Entonces apareció el doctor, seguido de su criado, y las viejas huyeron como gallinas asustadas. Tomó al pequeño, lo examinó y palpó su cabeza.

—Ya ha actuado el veneno —anunció—. Creo que puedo vencerlo. Haré todo lo posible. —Pidió agua, y en la taza vertió tres gotas de amoníaco, abrió la boca al niño y le obligó a beber. El joven paciente se estremeció y escupió rechazando el tratamiento y Juana lo miró con ojos de terror. El doctor hablaba sin parar —Es una suerte que yo conozca el veneno del escorpión, o de otro modo… —se encogió de hombros pasando por alto lo que pudiera haber ocurrido.

Pero Kino tenía sospechas y no podía apartar la vista del maletín abierto del doctor, y en él el frasco de polvo blanco. Gradualmente los espasmos se redujeron y el pequeño relajó sus músculos, suspiró profundamente y se durmió, cansado de vomitar.

El doctor lo devolvió a los brazos de Juana.

—Ahora se pondrá bueno —aseguró—. He ganado la batalla. —Y Juana lo contempló con adoración.

El doctor cerraba ya su maletín.

—¿Cuándo creéis que podréis pagarme estas visitas? —inquirió con dulzura.

—Cuando haya vendido mi perla le pagaré —declaró Kino.

—¿Tienes una perla? ¿Una buena perla? —preguntó el doctor con interés.

Y entonces el coro de vecinos prorrumpió al unísono:

—Ha encontrado la Perla del Mundo —y unieron los pulgares a los índices para indicar su tamaño.

—Kino va a ser rico —exclamaron—. Es una perla como no se ha visto otra igual.

El doctor parecía sorprendido.

—No me había enterado. ¿Guardas esa perla en lugar seguro? ¿No quieres que te la guarde en mi caja de caudales?

Los ojos de Kino casi habían desaparecido y la piel de sus mejillas estaba tensa.

—La tengo bien guardada —contestó—. Mañana la venderé y entonces le pagaré.

El doctor se encogió de hombros pero sus ojos no se separaron de los de Kino.
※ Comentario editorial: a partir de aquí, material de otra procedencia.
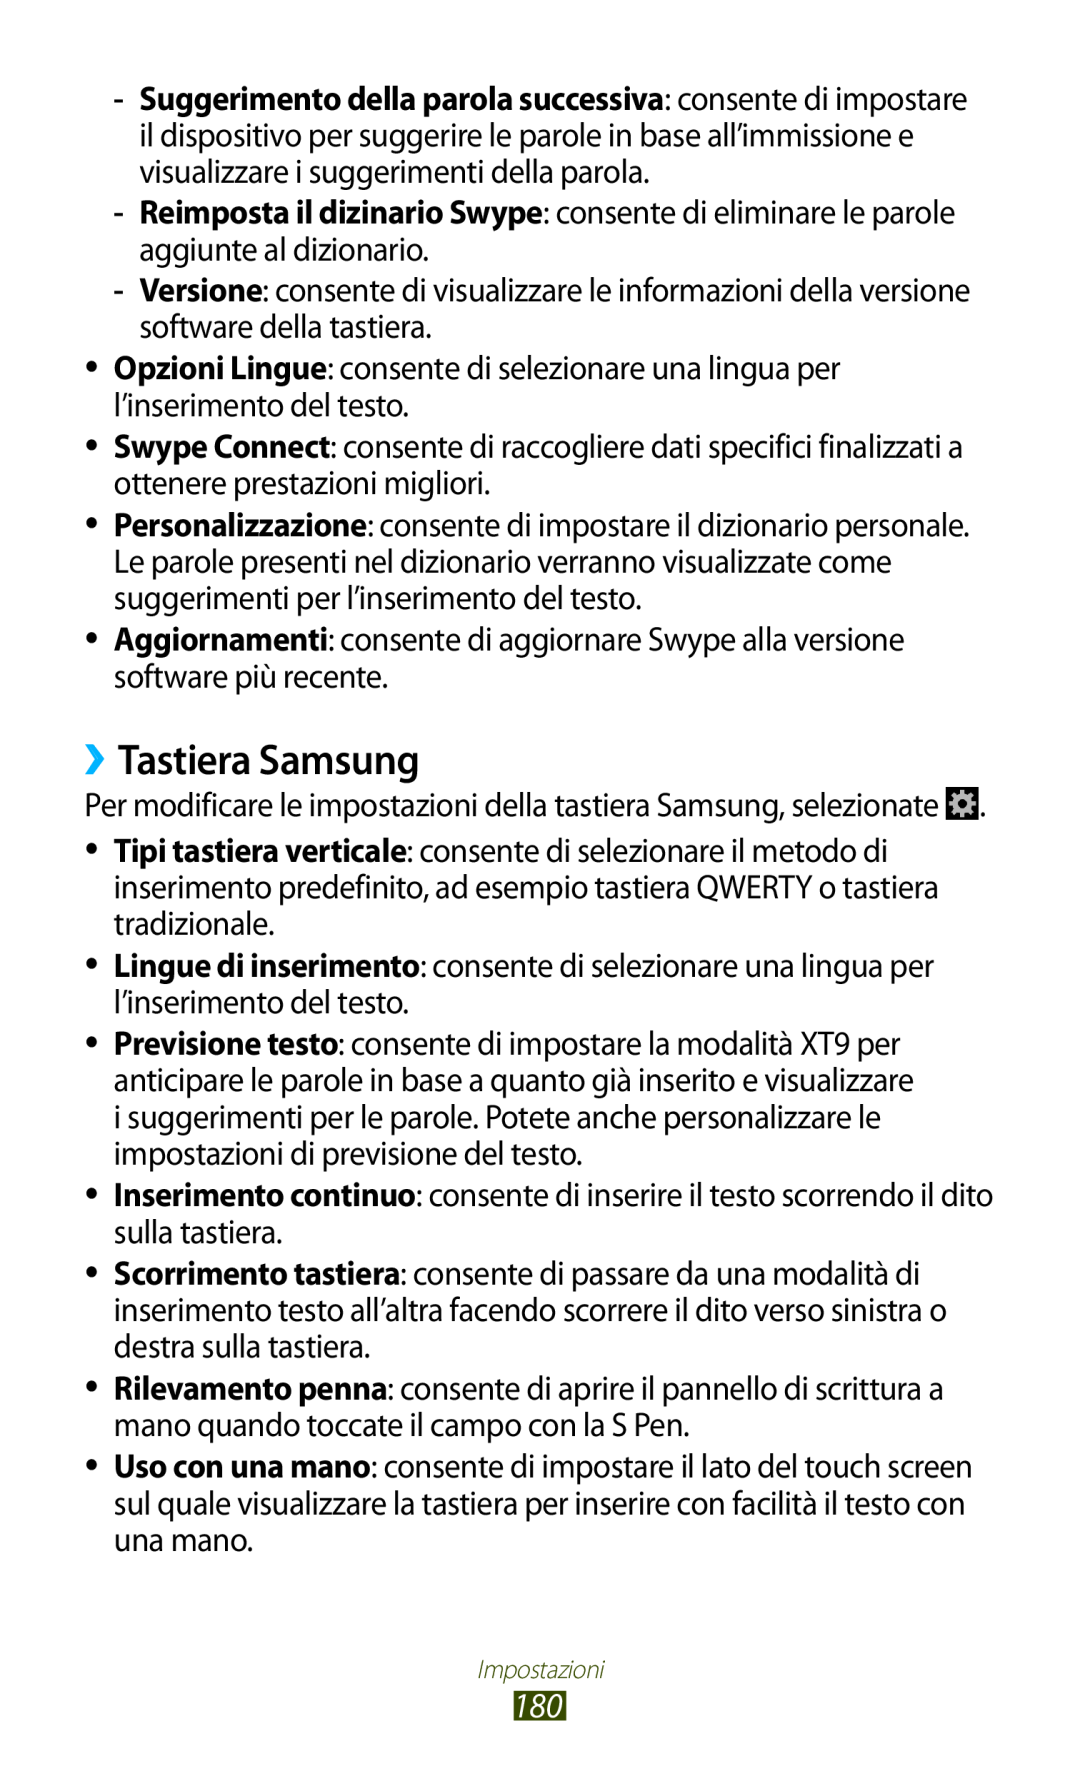 Samsung GT-N7000RWEITV manual ››Tastiera Samsung, Per modificare le impostazioni della tastiera Samsung, selezionate

Sabía que la perla, tenía que estar escondida en la casa y suponía que Kino había de mirar hacia el sitio en que la había enterrado.

—Sería una irrisión que te robasen antes de que pudieras venderla —insistió el doctor, y vio que los ojos de Kino se volvían involuntariamente hacia el suelo cerca del rincón extremo de la cabaña.

Cuando se hubo marchado el médico y todos los vecinos hubieron vuelto a sus hogares a regañadientes, Kino se acurrucó junto a las brasas del fogón y escuchó los ruidos nocturnos, el suave rodar de las olas en la playa y los lejanos ladridos de unos perros, el silbido de la brisa entre las ramas del tejado y las ahogadas conversaciones de sus vecinos.